PD is also known as a type of paralysis. Based on the clinical manifestations and the population at high risk of PD, traditional Chinese medicine believes that PD belongs to the “tremor syndrome, spasm syndrome” category. The lesion site is in the brain; kidney and spleen deficiencies, the blockage of phlegm congestion and blood stasis of brain collaterals are standard pathological properties (Xie et al., 2011; Wang et al., 2012, 2015; Chen et al., 2016). Based on the above-mentioned pathogenesis, this study selected acupoints ST36, CV4 and GV16. ST36 is the “He-sea” point and the “Lower He-sea” point of the Stomach Channel of Foot-Yangmin; it can regulate the spleen and stomach, nurse the root of after-birth and is the source of qi and blood. CV4 is the Conception Vessel point and the meeting point of the Spleen Channel of Foot-Taiyin, the Kidney Channel of Foot-Shaoyin, the Liver Channel of Foot-Jueyin and Conception Vessel; it can nourish the qi essence to help the congenital foundation. A key point was added to treat endogenous wind—GV16, which is the Governing Vessel point, and the three points work together to tone the kidney and spleen, regulate the collaterals of the brain, extinguish wind and stop tremors. Previous studies found that electroacupuncture at the four acupoints GV16, CV4, ST36, and Taichong (LR3) after PD model establishment increased the number of dopaminergic neurons, inhibited the number of activated microglia in substantia nigra and the levels of TNF-α and IL-1β in PD rats, which reduced the toxicity to neurons, regulated immune function, improved Bcl-2 mRNA expression and decrease the rate of apoptosis in the SNpc of PD rats (Wang et al., 2005; Gan, 2007).
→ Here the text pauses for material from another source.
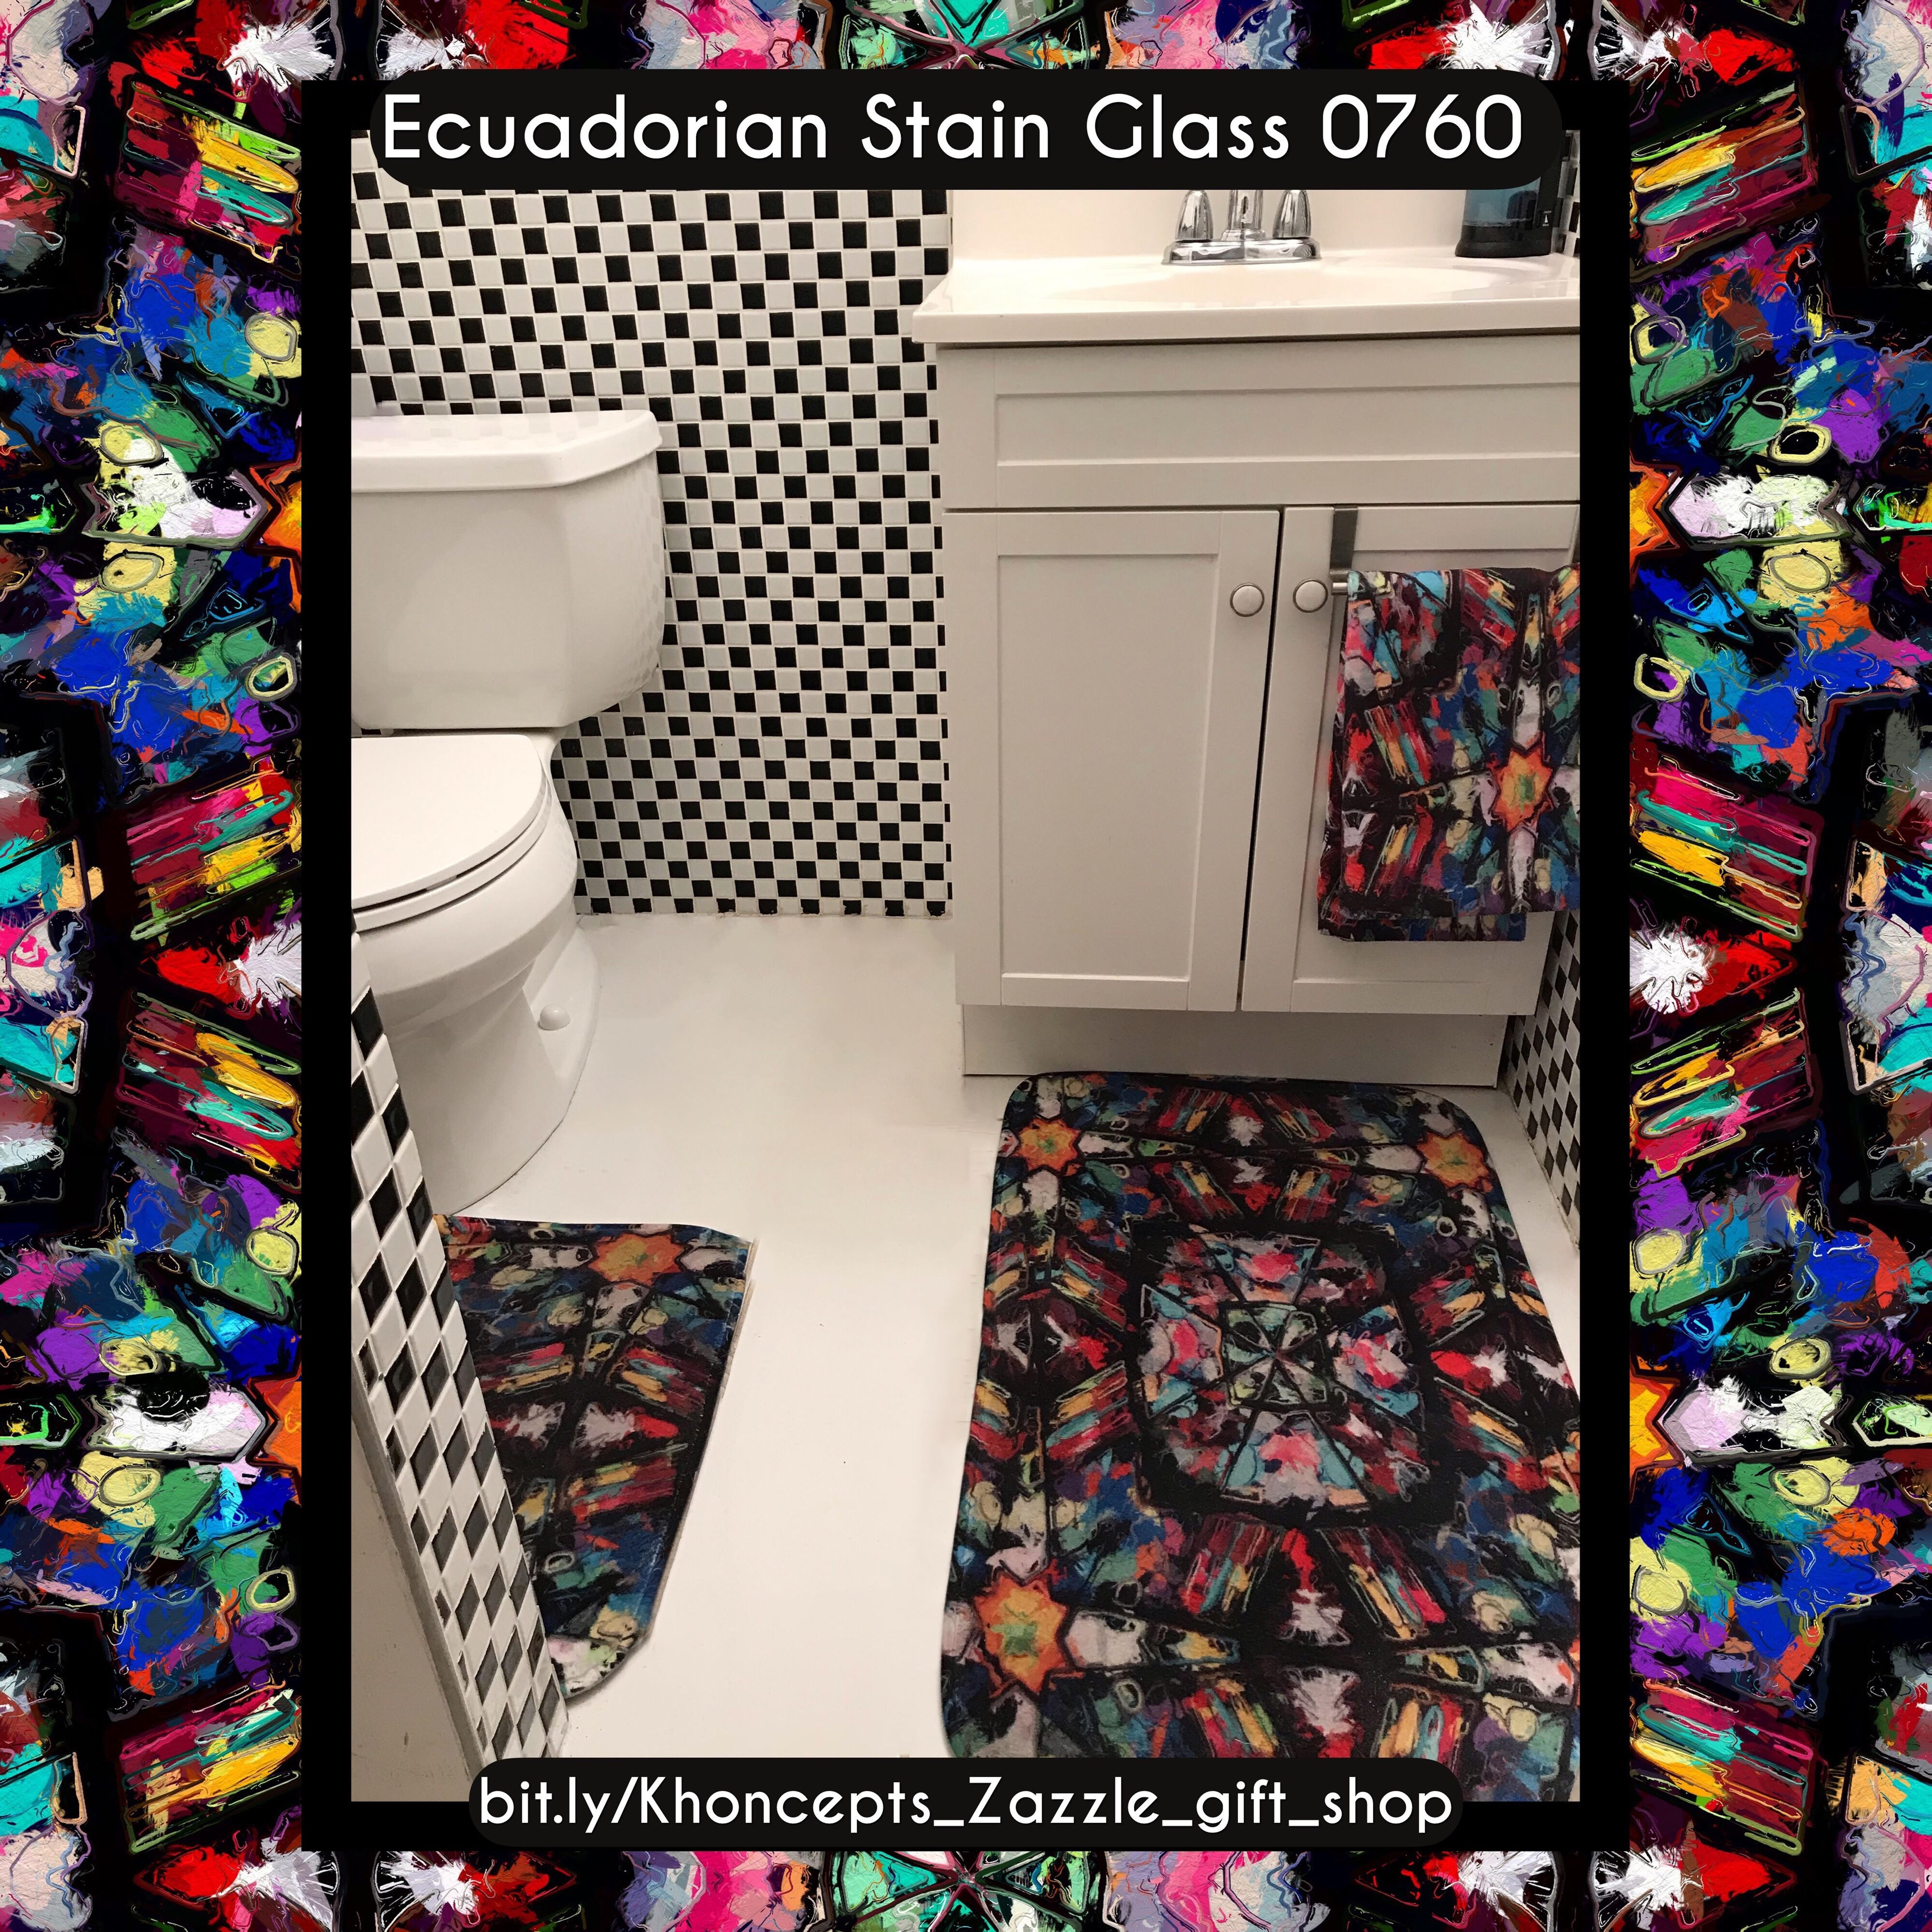 Ecuadorian stained glass art designed home decor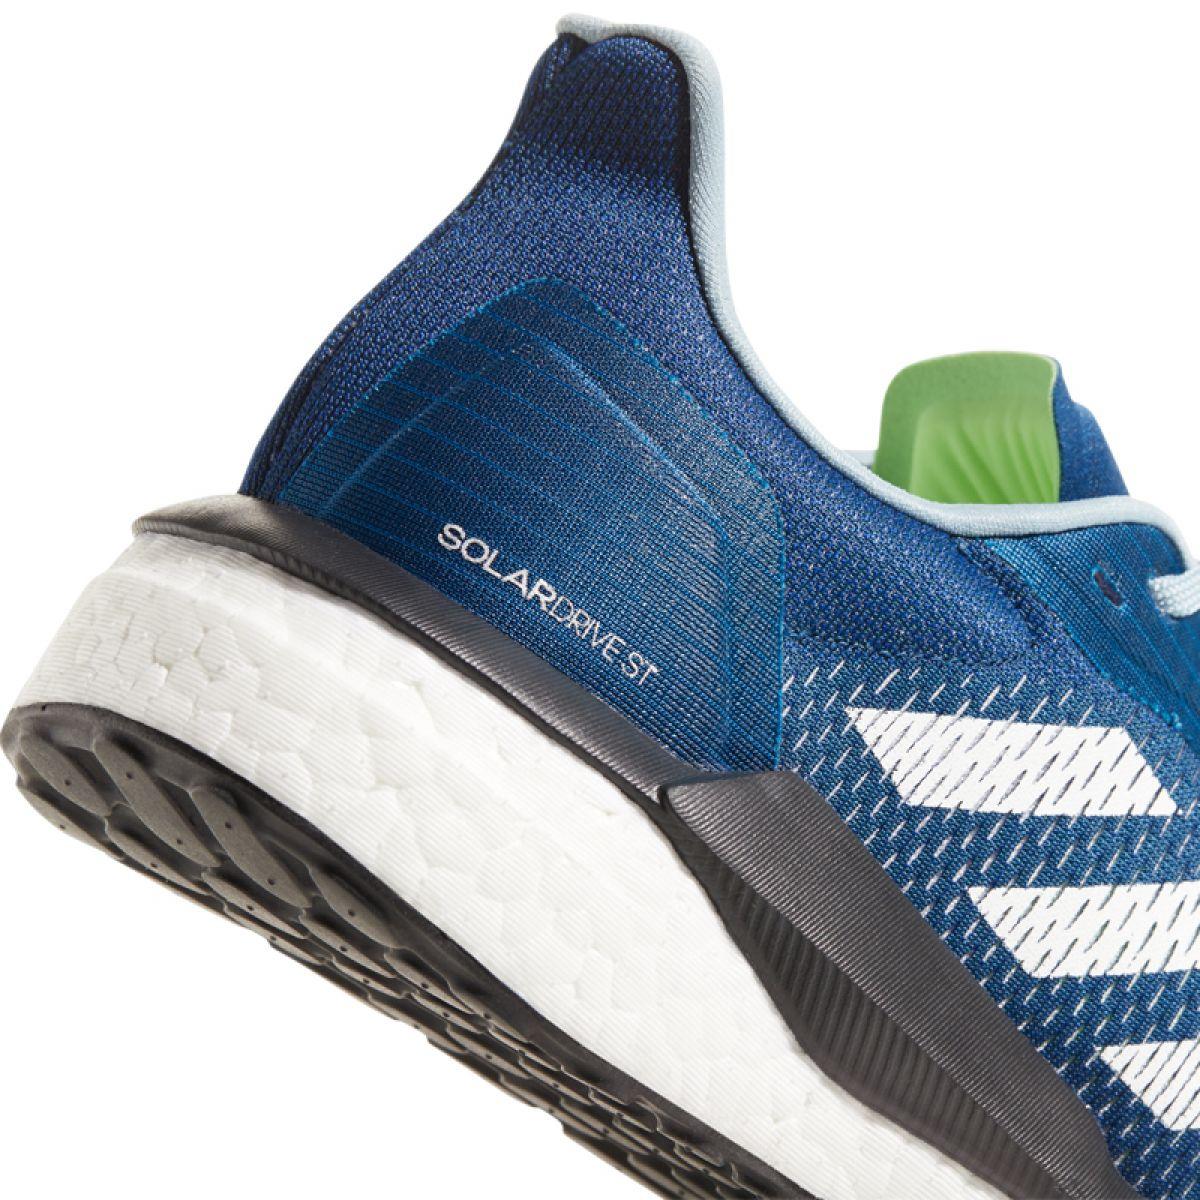 Best Billig Damenschuhe Schuhe adidas Haven W CQ2523

In summary, moxibustion at ST36, CV4 and GV16 promoted the clearance of α-syn in the SNpc and improved the behavioral performance in PD model rats. The protective mechanism may be associated with suppression of the mTOR/p70S6K pathway, thereby enhancing the autophagic clearance of α-syn. However, the activity of mTOR depends on the input of various upstream signals, and it is not clear how moxibustion affects the upstream molecular mechanisms to regulate mTOR activity. Our results provide an experimental basis for the treatment of PD through clinical application of moxibustion.
Acknowledgments
We sincerely thank staffs from Acupuncture-Moxibustion Institute of Hubei University of Chinese Medicine of China for offering experimental areas and instruments.
Footnotes
Funding: This study was supported by the National Natural Science Foundation of China, No. 81403456, 81473788; a grant from the Hubei Provincial Collaborative Innovation Center of Preventive Treatment by Acupuncture and Moxibustion, No. HBPCIC-2016-003.
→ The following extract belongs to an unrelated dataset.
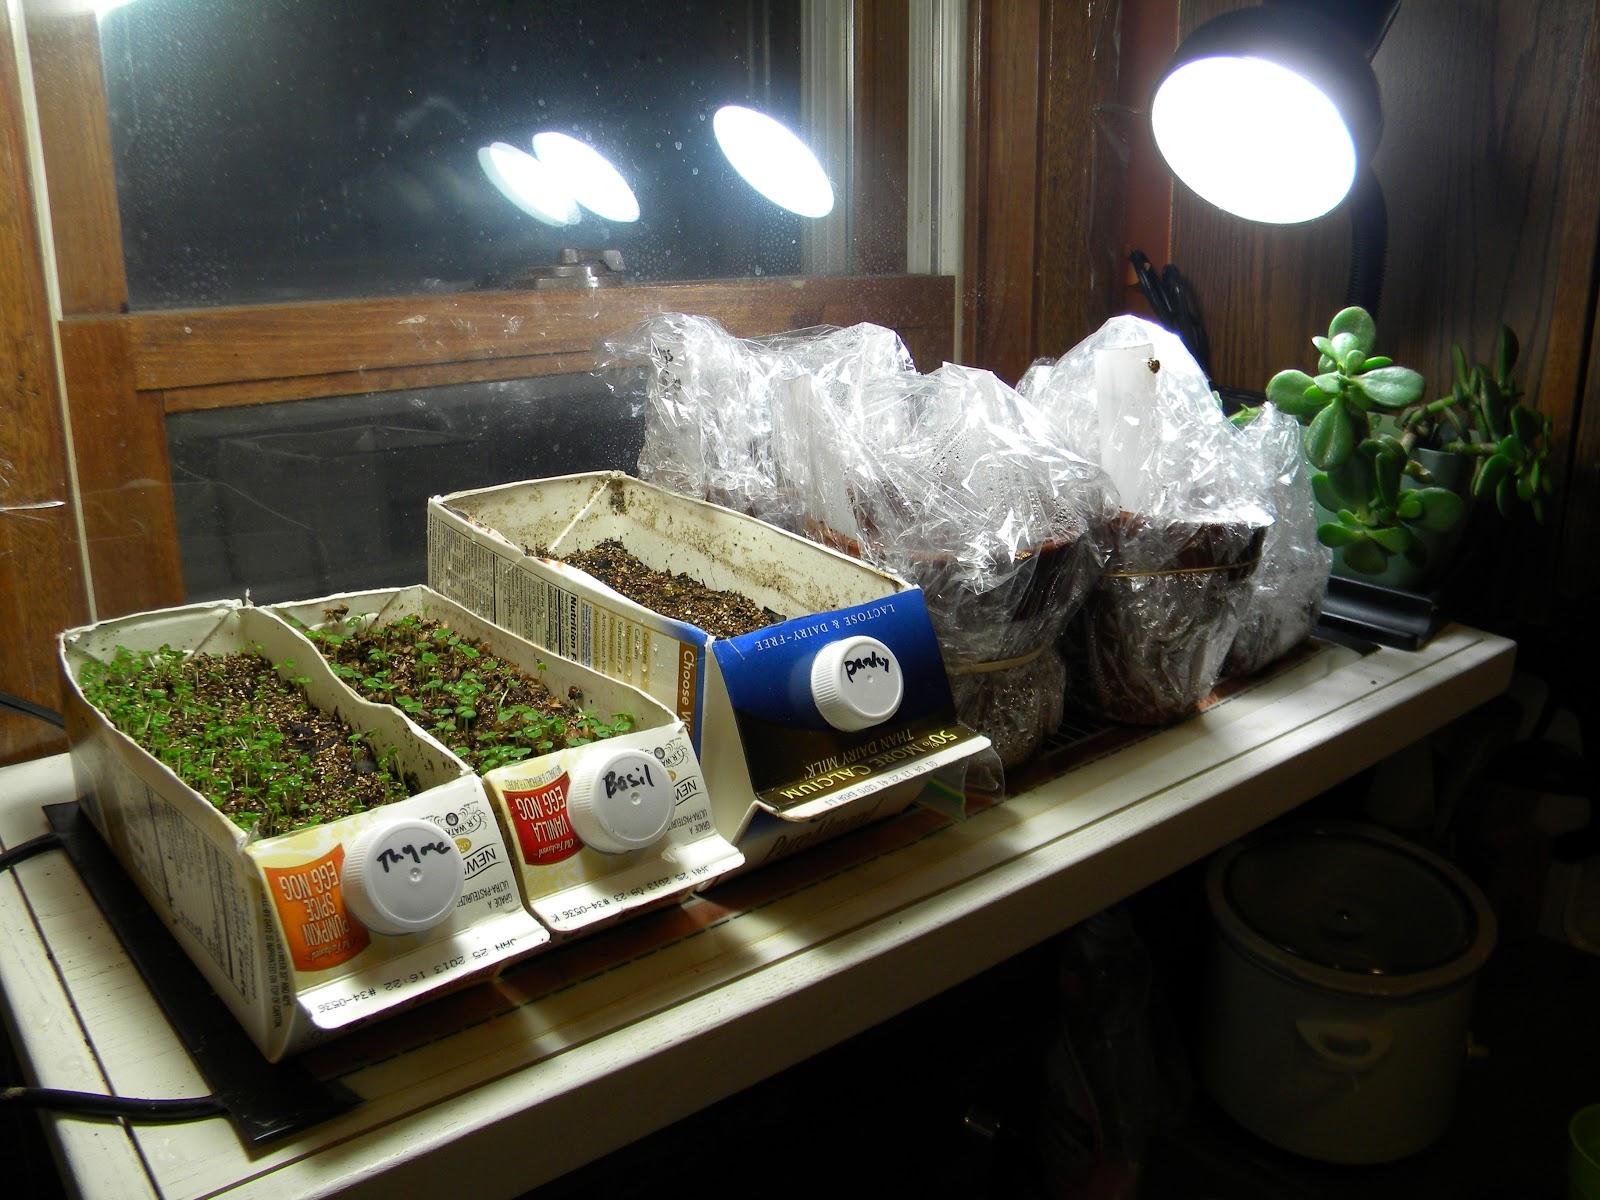 indoor kitchen garden. Recycled Milk Cartons As An Indoor Kitchen Garden D

Conflicts of interest: The authors declare no competing financial interests.
Financial support: This study was supported by the National Natural Science Foundation of China, No. 81403456, 81473788; a grant from the Hubei Provincial Collaborative Innovation Center of Preventive Treatment by Acupuncture and Moxibustion, No. HBPCIC-2016-003. None of the funding bodies play any role in the study other than to provide funding.
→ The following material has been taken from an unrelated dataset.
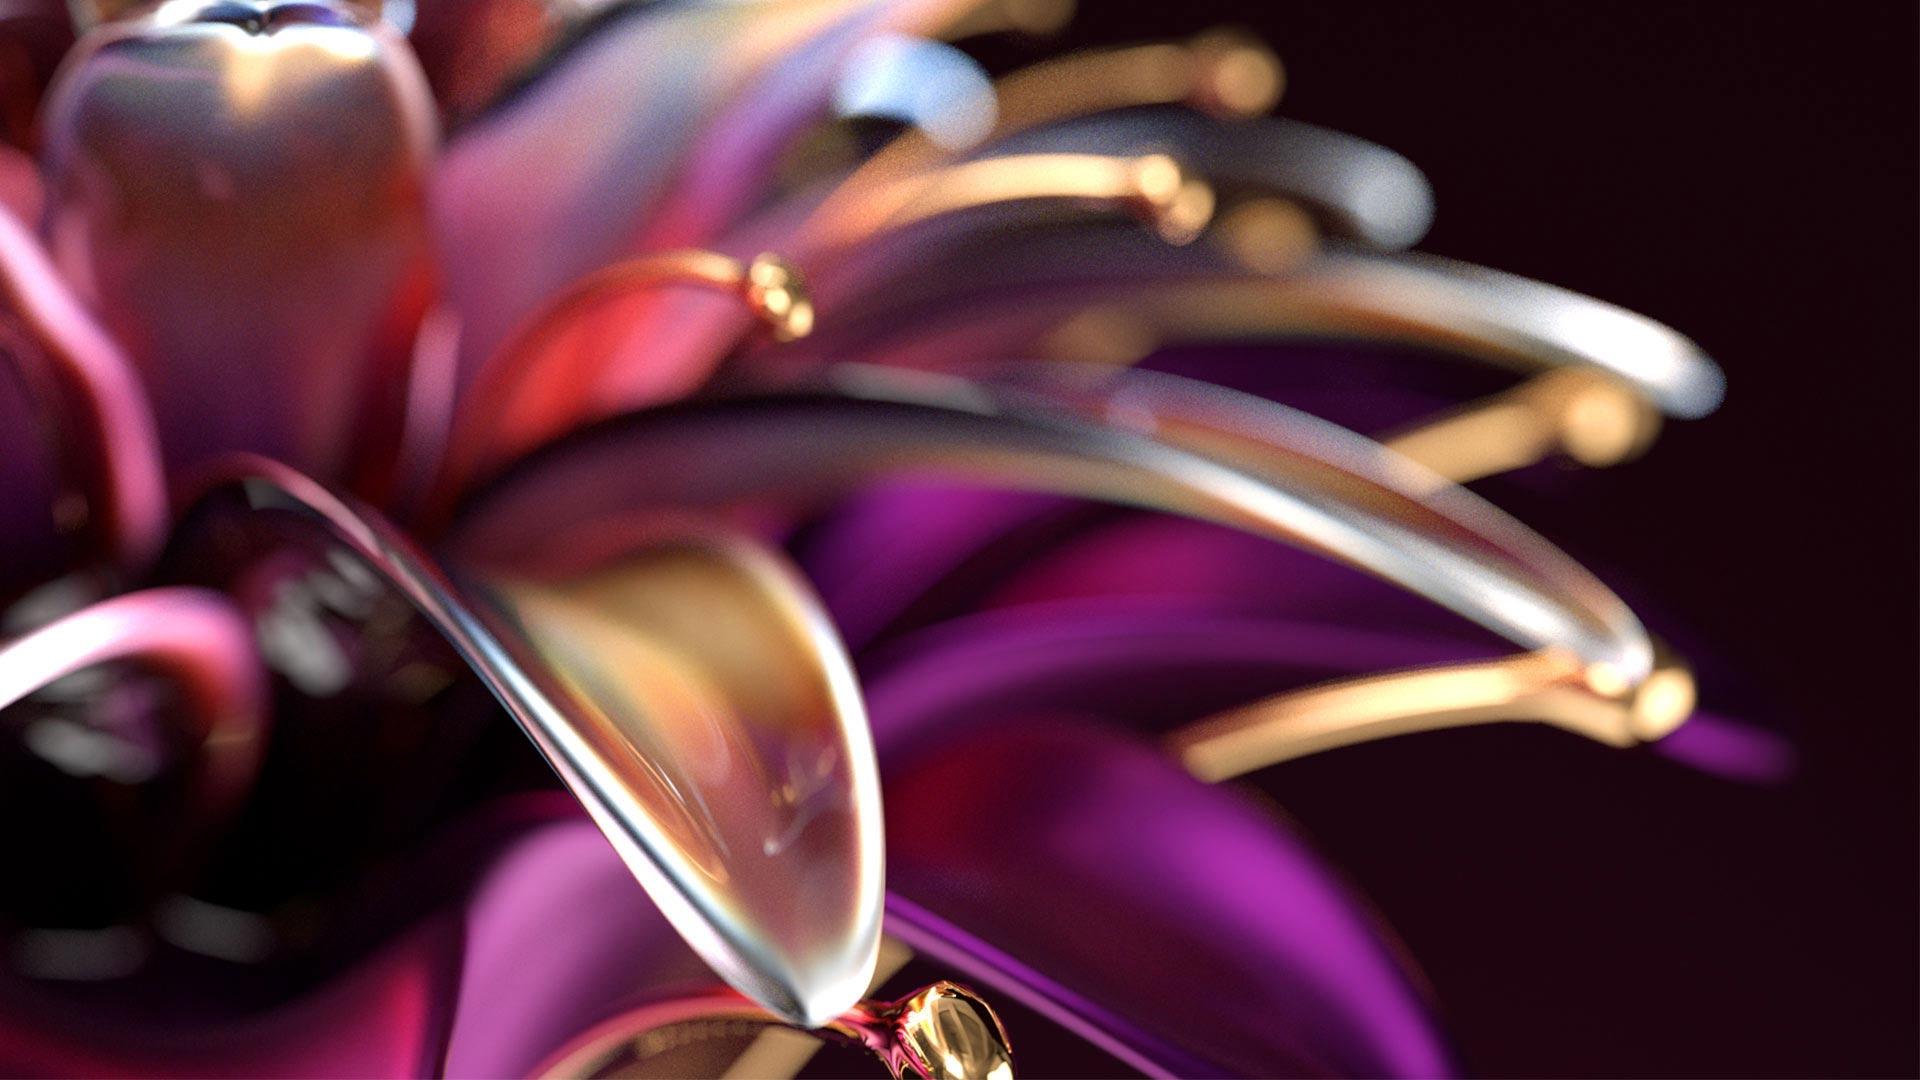 flowerline_12

Research ethics: All procedures were approved by the ethics committee of Hubei University of Chinese Medicine of China (approval No. 00138319). The experimental procedure followed the United States National Institutes of Health Guide for the Care and Use of Laboratory Animals (NIH Publication No. 85-23, revised 1985).
Data sharing statement: Datasets analyzed during the current study are available from the corresponding author on reasonable request.
Plagiarism check: Checked twice by iThenticate..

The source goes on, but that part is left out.